» **EXERCISE REQUIREMENTS**
Repeat the data that follows exactly, starting at the line with "ベッドルーム事例:富津リゾート・ヴィラ(富津リゾート・ヴィラ)" and ending at the line with "Schwarzkopf Professional, Парфюмированный", and leave out every picture.

» **TASK INPUT**
[Start of Attachment]

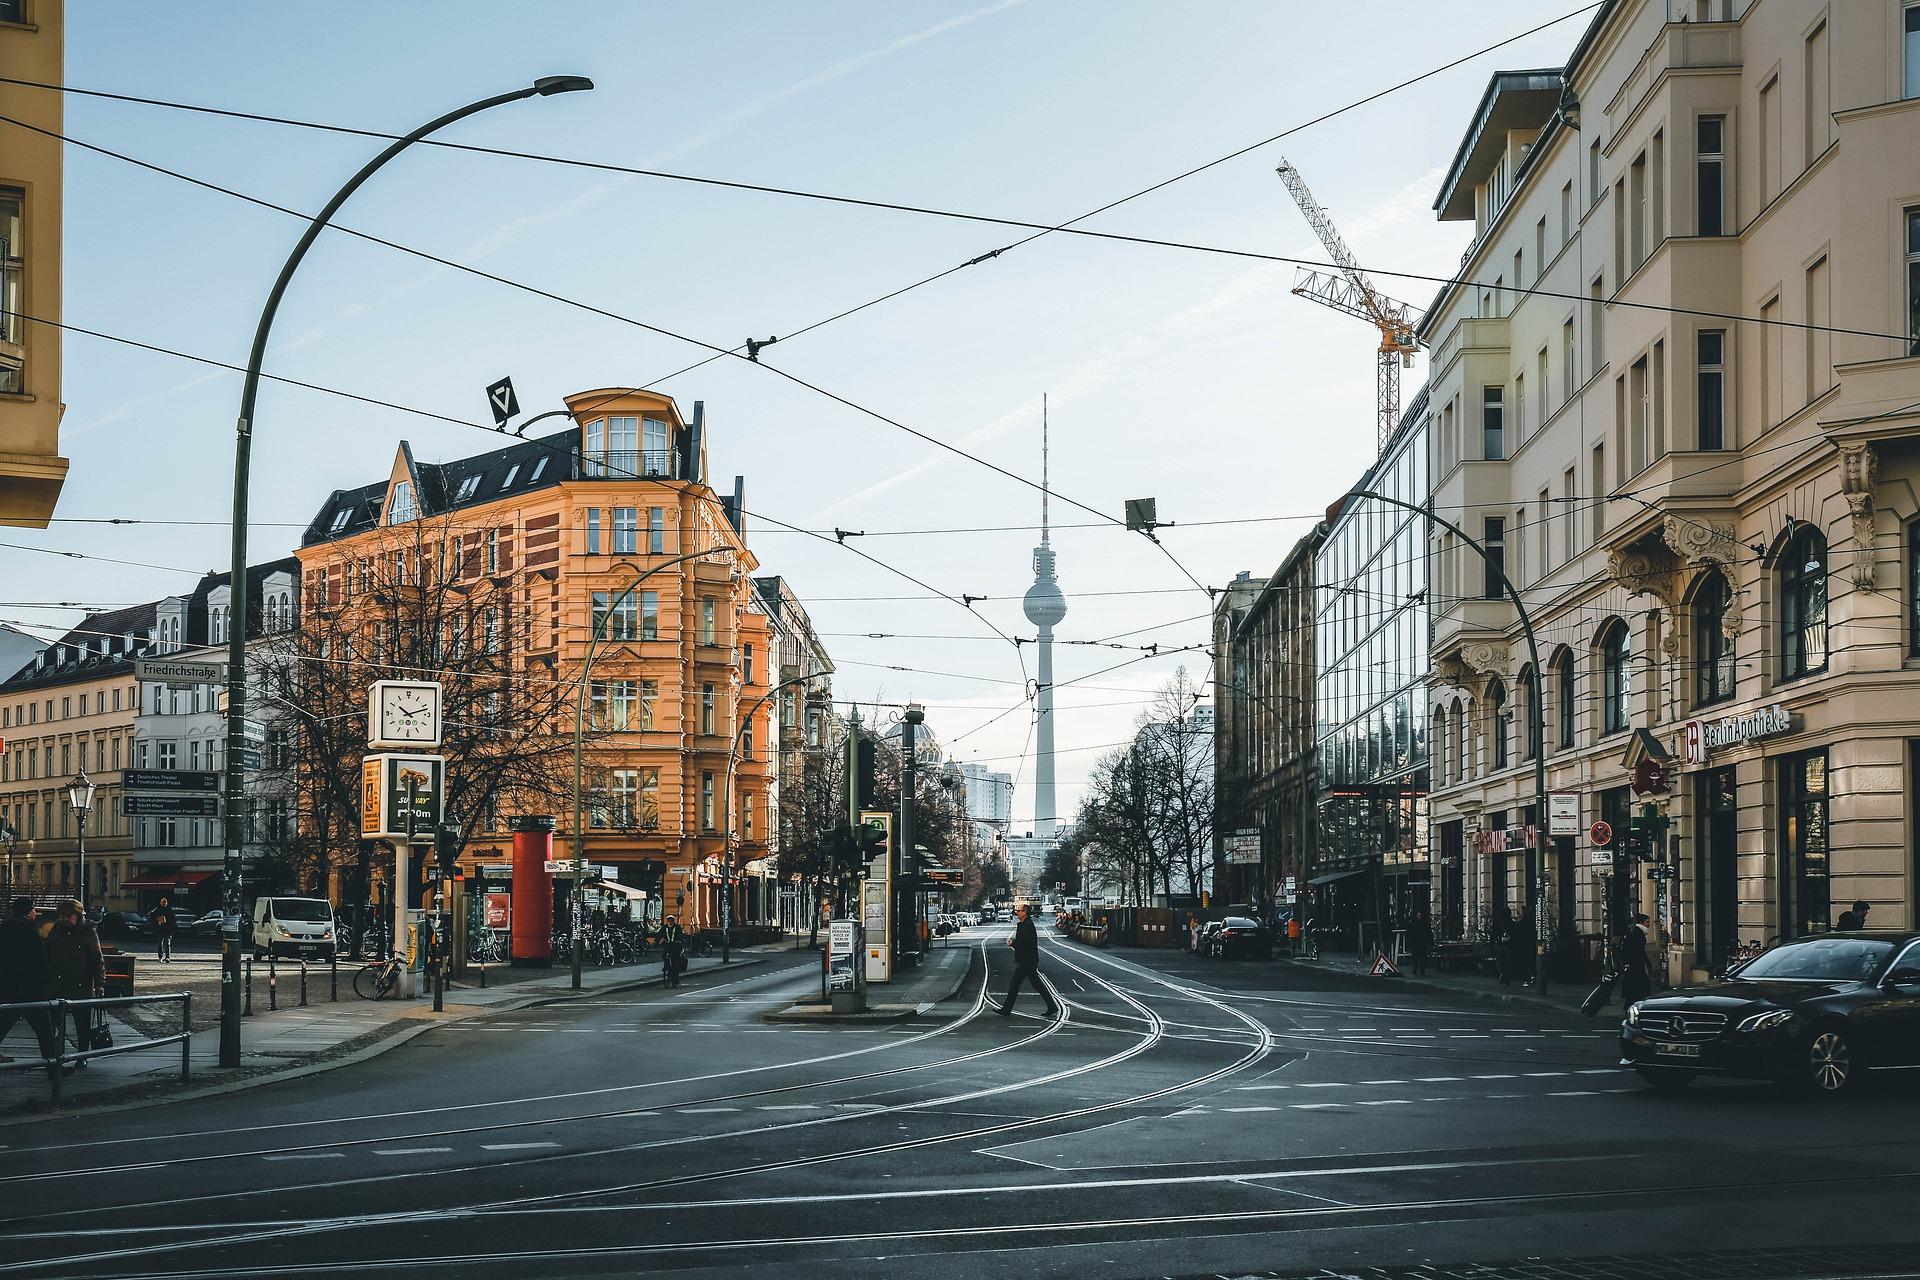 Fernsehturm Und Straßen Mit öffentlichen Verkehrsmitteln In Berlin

[End of Attachment]
[Start of Attachment]

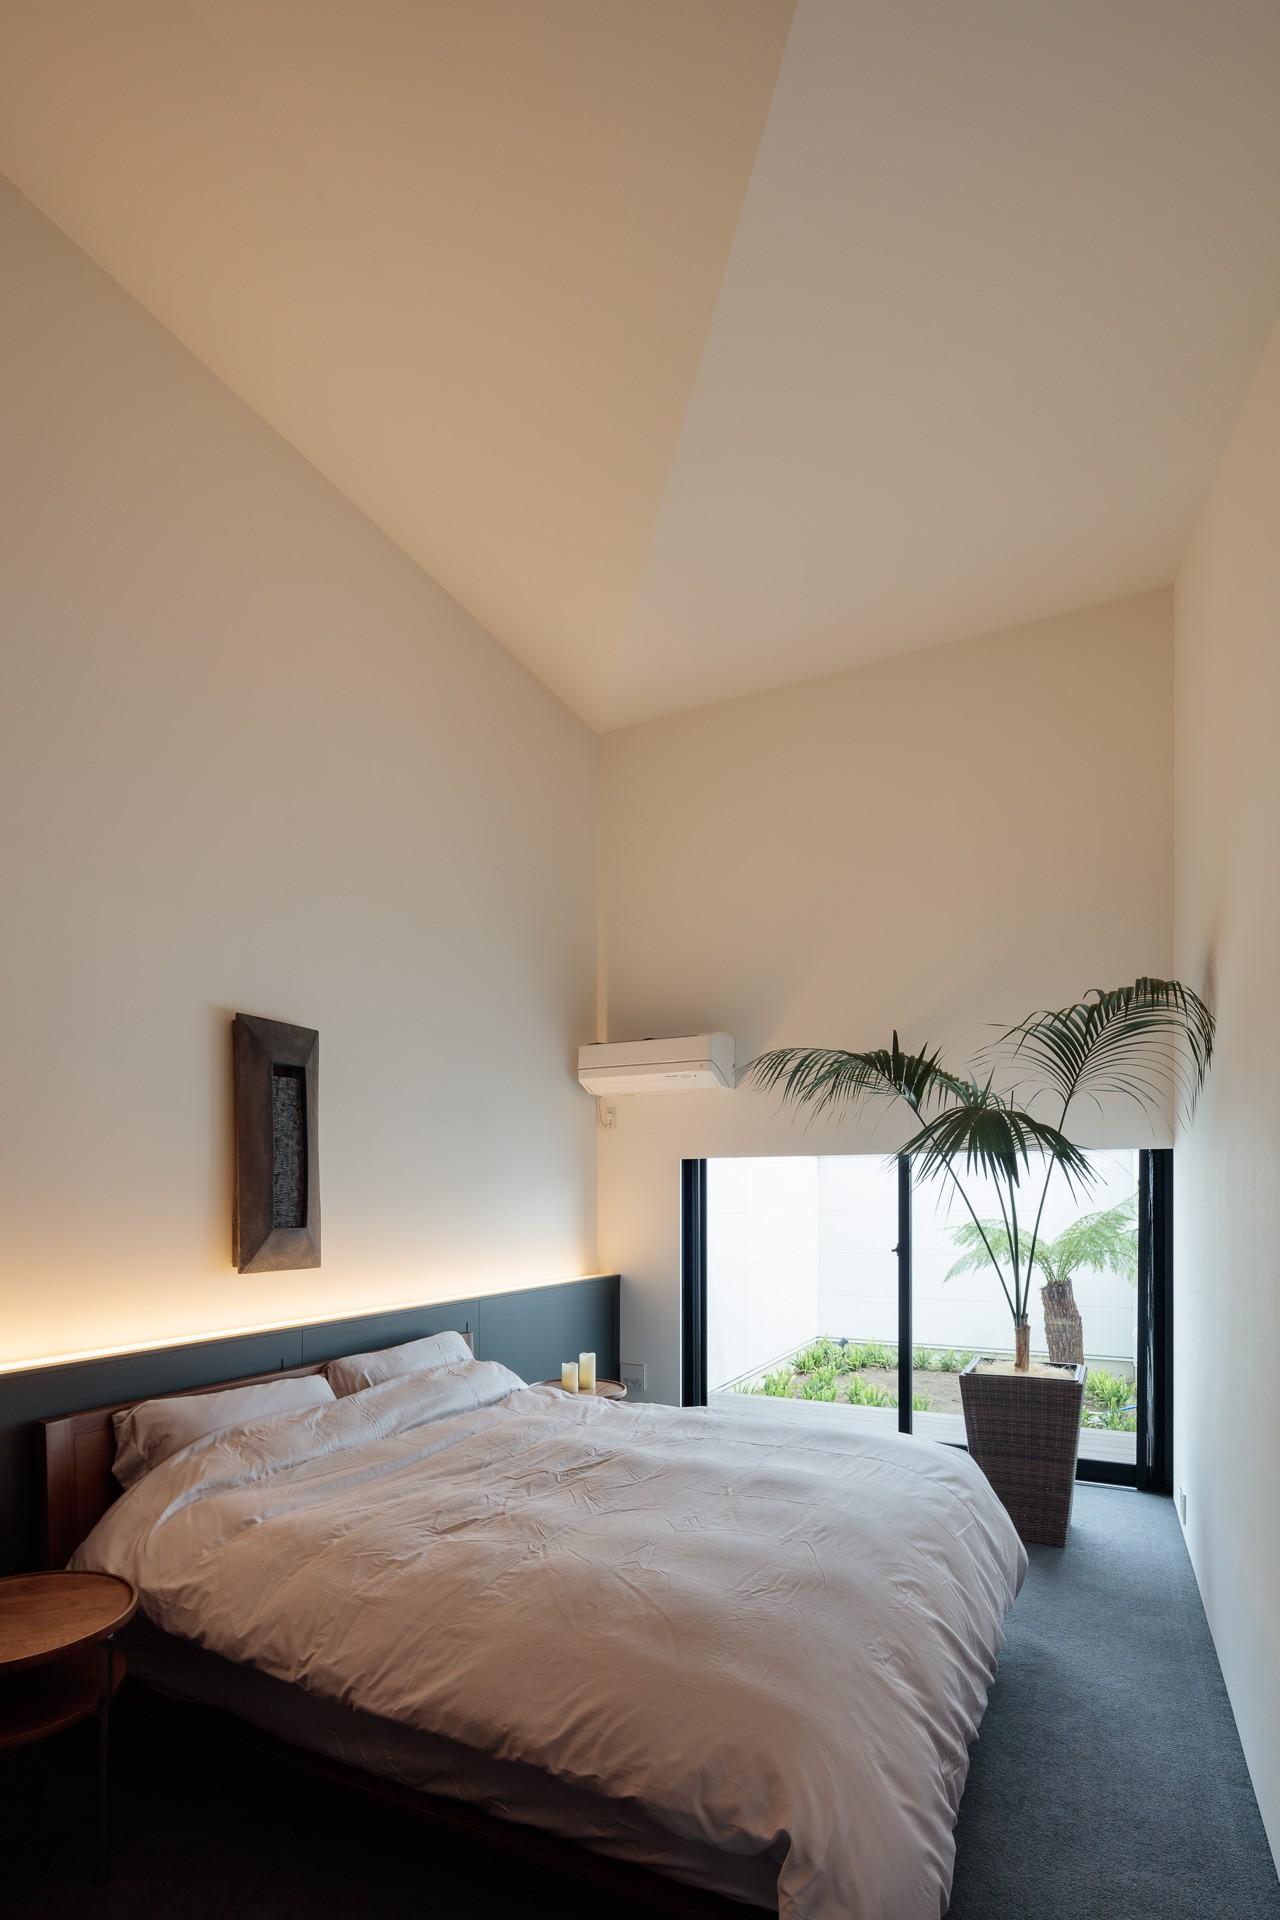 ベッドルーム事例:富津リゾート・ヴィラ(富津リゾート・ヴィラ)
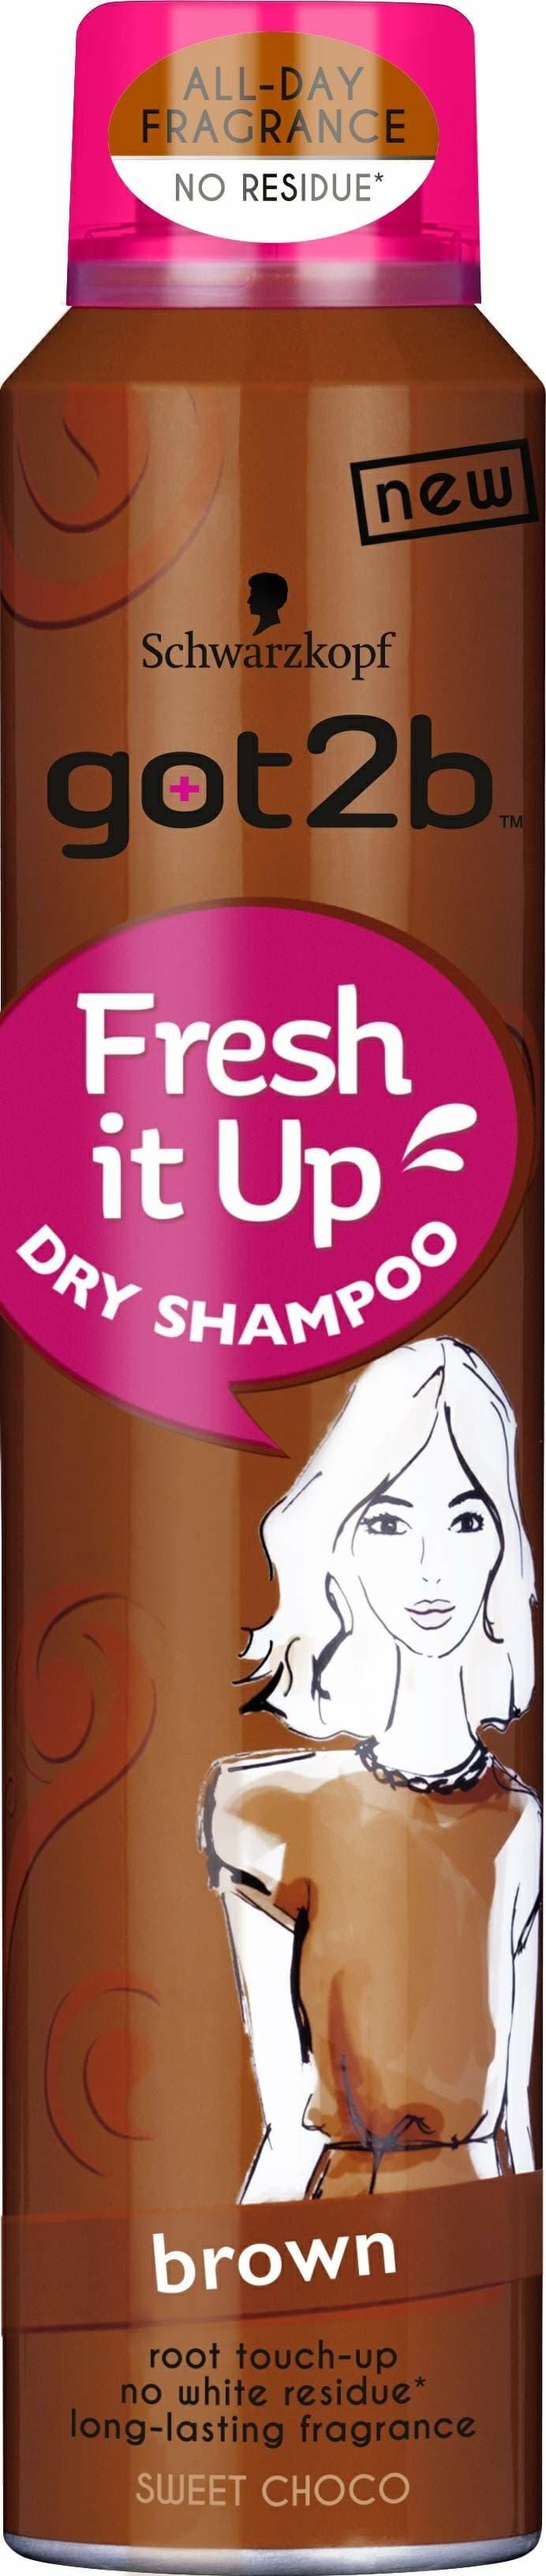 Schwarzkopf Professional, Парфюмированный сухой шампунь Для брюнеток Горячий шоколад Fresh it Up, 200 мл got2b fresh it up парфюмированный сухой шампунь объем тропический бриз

[End of Attachment]

» **SOLUTION BELOW**
 ベッドルーム事例:富津リゾート・ヴィラ(富津リゾート・ヴィラ)
 Schwarzkopf Professional, Парфюмированный сухой шампунь Для брюнеток Горячий шоколад Fresh it Up, 200 мл got2b fresh it up парфюмированный сухой шампунь объем тропический бриз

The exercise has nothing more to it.